Every time we see the rainbow it ought to remind us that this is the day of salvation, and to motivate us to urgency in evangelism. Our task is to urge men and women to be reconciled to God while there is still time, because we know that this era of grace will not last forever. Jesus will return to bring final judgement, but today there is both hope and opportunity. The rainbow ought to remind us to take pride in the Lord Jesus and the gospel as we “boast” in him rather than in ourselves.
Last week I was in London for the Evangelical Ministry Assembly. I was struck by the ubiquity of rainbow imagery to coincide with Pride month. The tunnel at St Pancras station was lit like a rainbow, and a flight of stairs at Victoria were decorated with rainbow colours. Shop displays and advertising posters were heralding their “gay friendly” credentials. Marks & Spencer were selling an LBGT sandwich combining chicken, tomato and avocado.
As a Christian it is hard to know how to respond to this new secular festival that demands that we celebrate both gay civil rights and the gay lifestyle. It is all too easy for Christians to respond in a knee-jerk way with anger and frustration at how radically our society has changed in the last few years. However, I think we need to stand back and reflect more carefully on how we ought to feel and respond. What would Jesus do if he were to walk into a city celebrating Gay Pride?
On reflection I have a variety of feelings and responses to Pride:
I feel alienated.
The overwhelming public support for Pride and what it stands for leaves me feeling an outsider in my own culture in a way that would not have been the case thirty years ago. I am unable to join in the celebration of a lifestyle that I believe to be morally wrong. According to the Office for National Statistics 1.7% of the adult population identify as gay, lesbian or bisexual.
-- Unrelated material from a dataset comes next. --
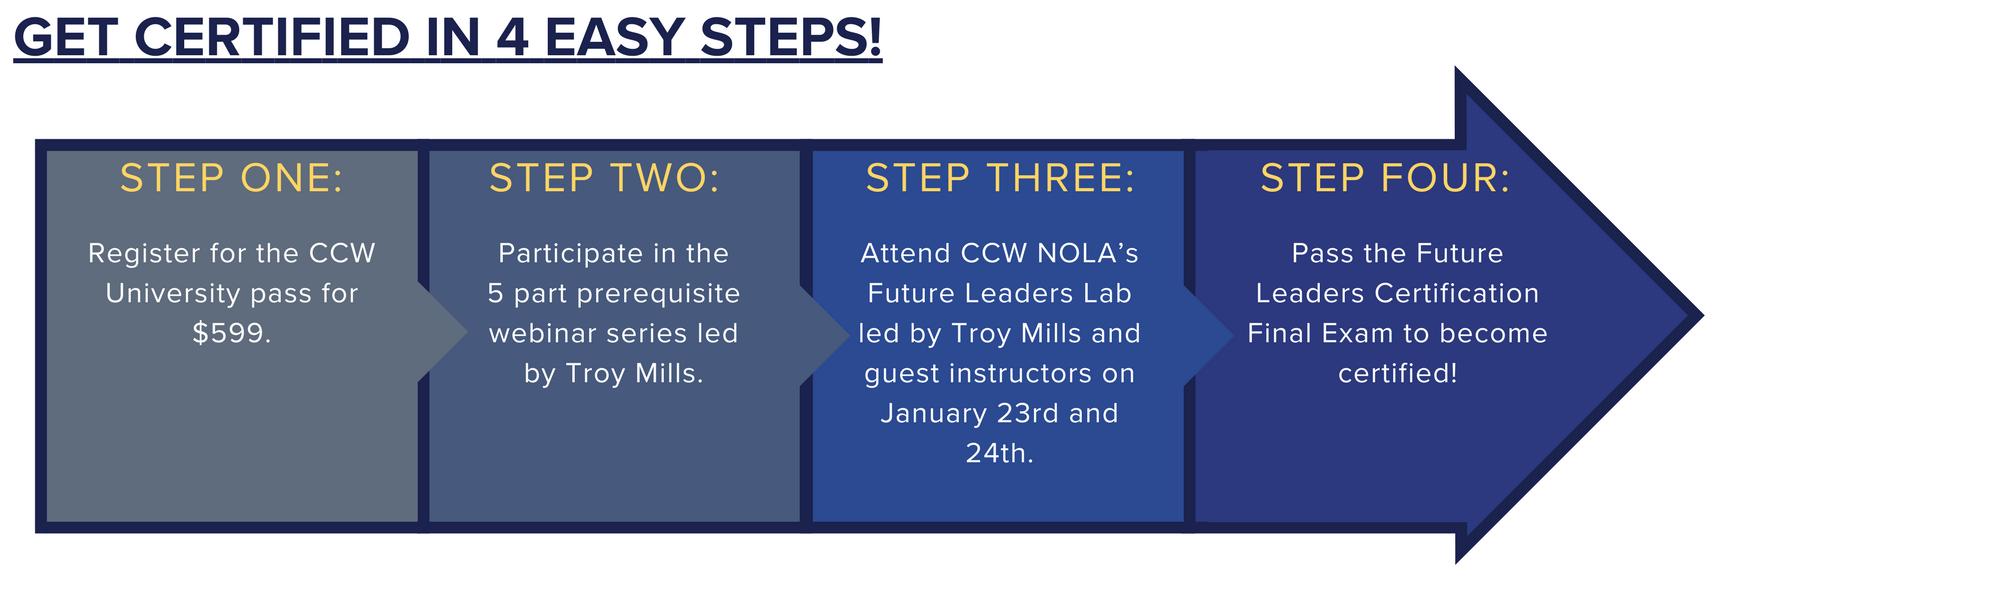 CCWU Steps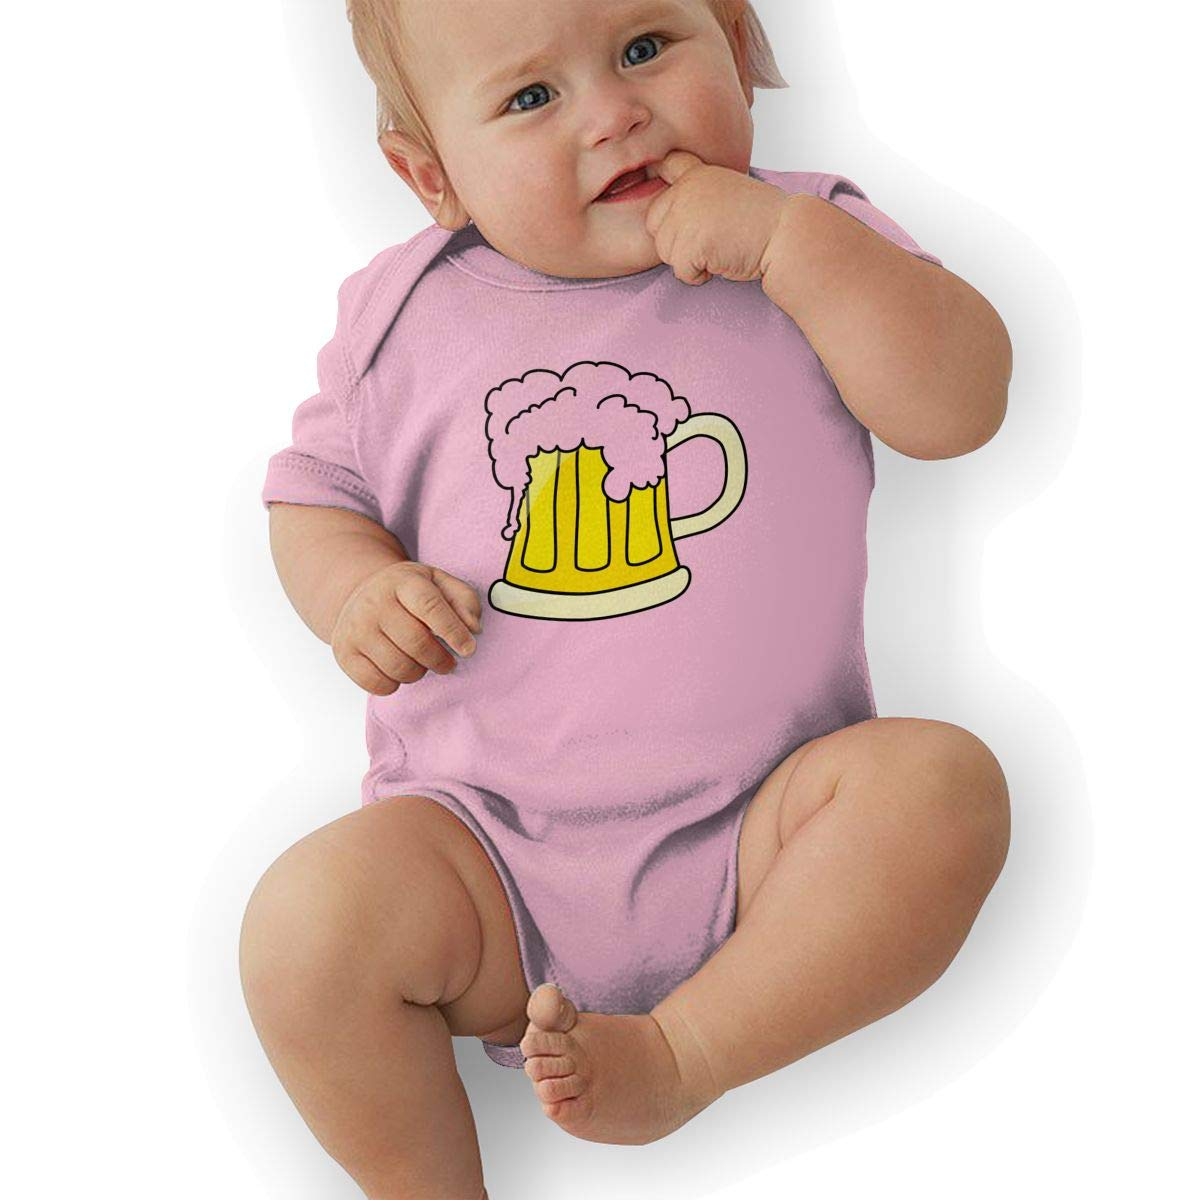 BONLOR Beer Baby Boys Girls Jumpsuit Overall Romper Bodysuit Summer Clothes Pink

The British Social Attitudes Survey in 2016 found that 64% of the population believe that same sex-relationships are “not wrong at all” compared to a mere 17% who felt this way in 1983.
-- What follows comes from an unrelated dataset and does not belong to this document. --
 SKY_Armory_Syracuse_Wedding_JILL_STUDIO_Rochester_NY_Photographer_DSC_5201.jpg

The changed attitudes towards homosexuality, and especially the shift from a demand to tolerate to a requirement to celebrate, has left evangelical Christians, alongside other religious minorities, outside of the cultural mainstream. We are viewed at best as unreconstructed dinosaurs, and at worst as dangerous and intolerant bigots. Pride forces us to face the reality that we are “strangers and aliens” living in exile in our own culture. We are no more than 2-3% of the population. Although this feels psychologically uncomfortable, we should be neither surprised nor phased by this. The natural situation for the true church is to be in exile in the world, and the collapse of cultural Christianity is merely making this obvious. We need to adjust our expectations and ministry to this new reality.
I am thankful.
At the same time, I feel thankful that Pride is able to take place, and that I live in a society that supports human rights for all groups. I would not prefer to live in a society in which homosexuality were illegal or criminalised, as is still the case in many other countries around the world, nor in which people are forced to live underground lives. I don’t read the New Testament as saying that the church is to regulate the sexual behaviour of the world. In fact, 1 Corinthians 5-6 says exactly the opposite.
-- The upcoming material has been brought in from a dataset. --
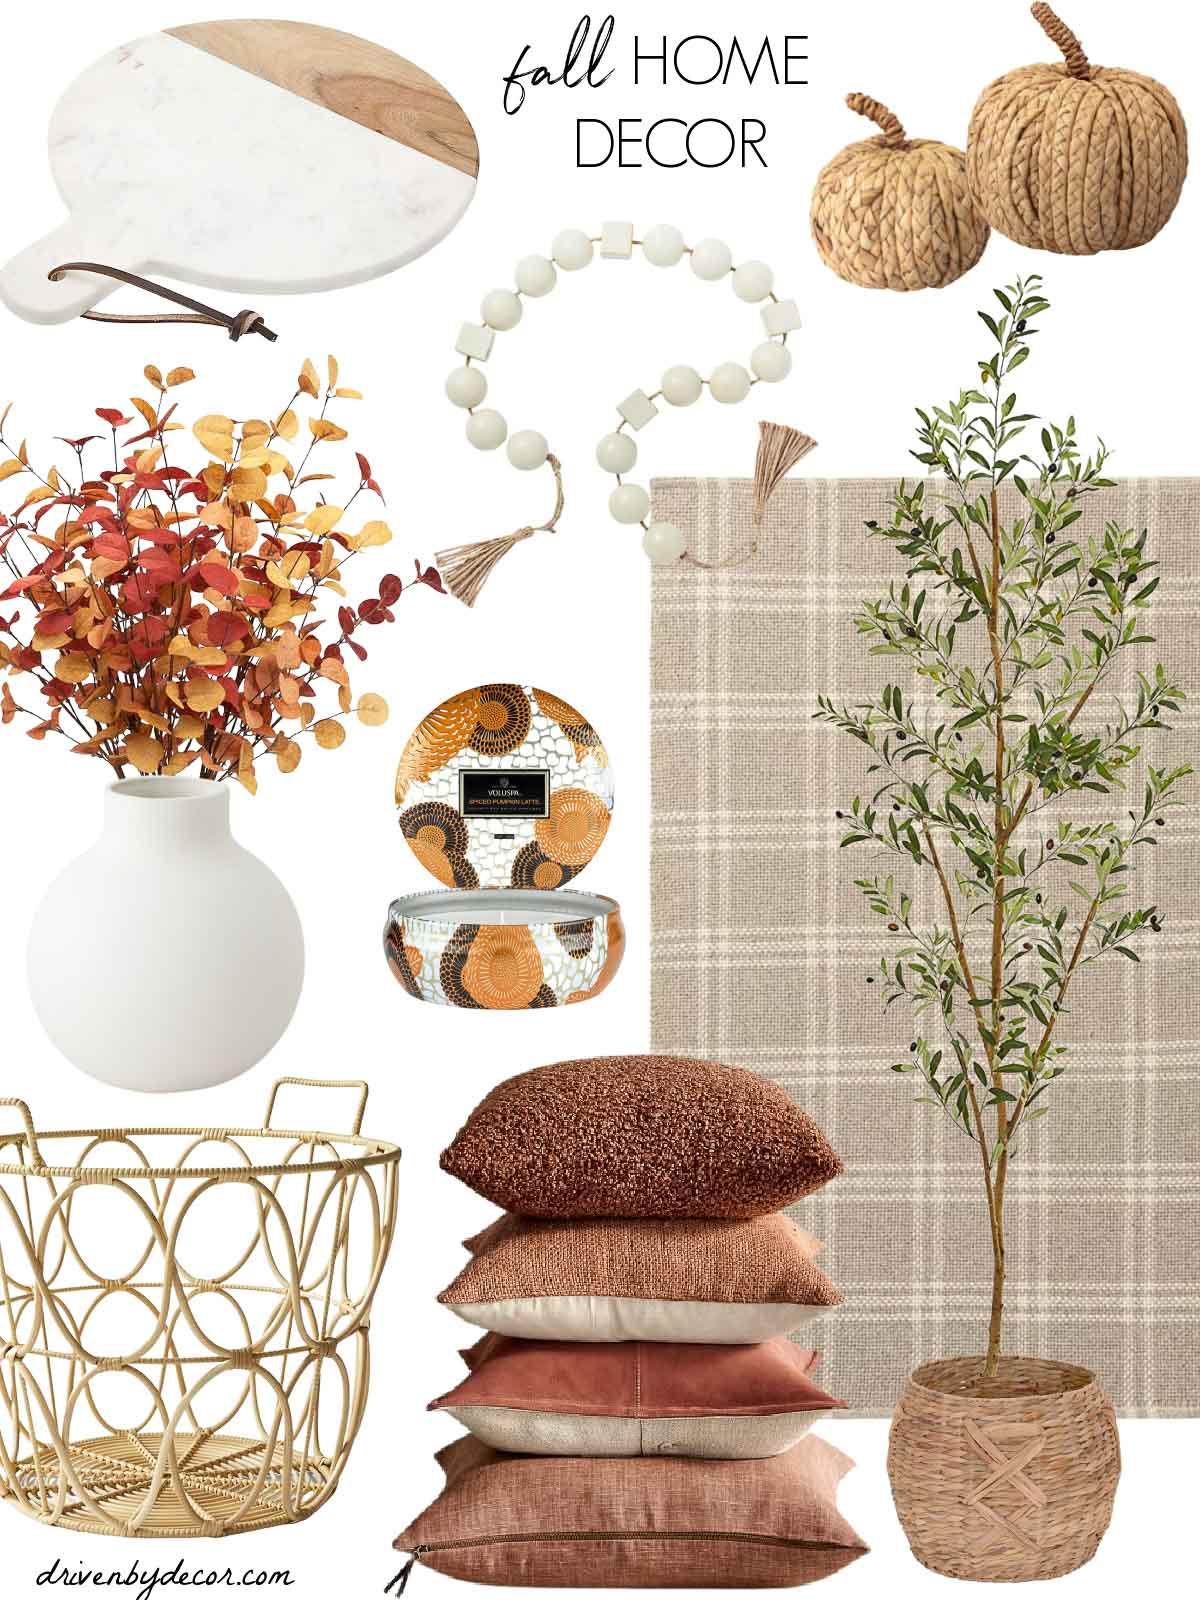 Fall home decor favorites!

I believe that the biblical pattern as we wait for the final judgement and the eschatological consummation of the Kingdom of God is to allow as much freedom to consenting adults as possible, provided that it does not undermine civic peace and order. Transformation comes as people voluntarily choose to submit to the rule of Christ and live accordingly, not because they are coerced into external moral conformity. If we want to enjoy freedom as Christians, to proclaim the gospel and to refuse to celebrate homosexuality, then we need to accord freedom to others.
I am thankful that the gay rights movement has not achieved the radical deconstruction of marriage and the family that many hoped would be the case. Peter Tatchell wrote a fascinating article in the Guardian lamenting how the gay rights movement has sold out to consumerism and chosen to copy heterosexual norms rather than replace them. I would say that this is a result of the fact that human beings are made in the image of God, and his basic pattern for human life cannot be eradicated. For all the radicalism of many activists, the overwhelming majority of people still opt for marriage and children on the traditional pattern.
I am also thankful that Pride reflects the reality of LBGTQ life and culture, not a sanitised version of it. It glories in sexual freedom and the breaking of boundaries. It celebrates not just committed loving same-sex relationships, but also wild promiscuity. One rarely hears the Christians who are advocating for the acceptance of same-sex relationships critiquing the obvious promiscuity advocated by large section of the gay community, which simply does not want to be confined to loving, committed and exclusive relationships but regards this as inherently oppressive and restrictive.
I am fearful.
At the same time I am fearful that the spirit of tolerance that has allowed Pride and radically transformed the civic rights of the LBGTQ community has been, and will increasingly be, withdrawn from those who hold to traditional religious convictions about human sexuality, even when there is no evidence that they are practicing or advocating discrimination. The acceptance and celebration of homosexuality as equivalent to heterosexuality is becoming a new “Test Act” that will exclude evangelical believers from public office and employment.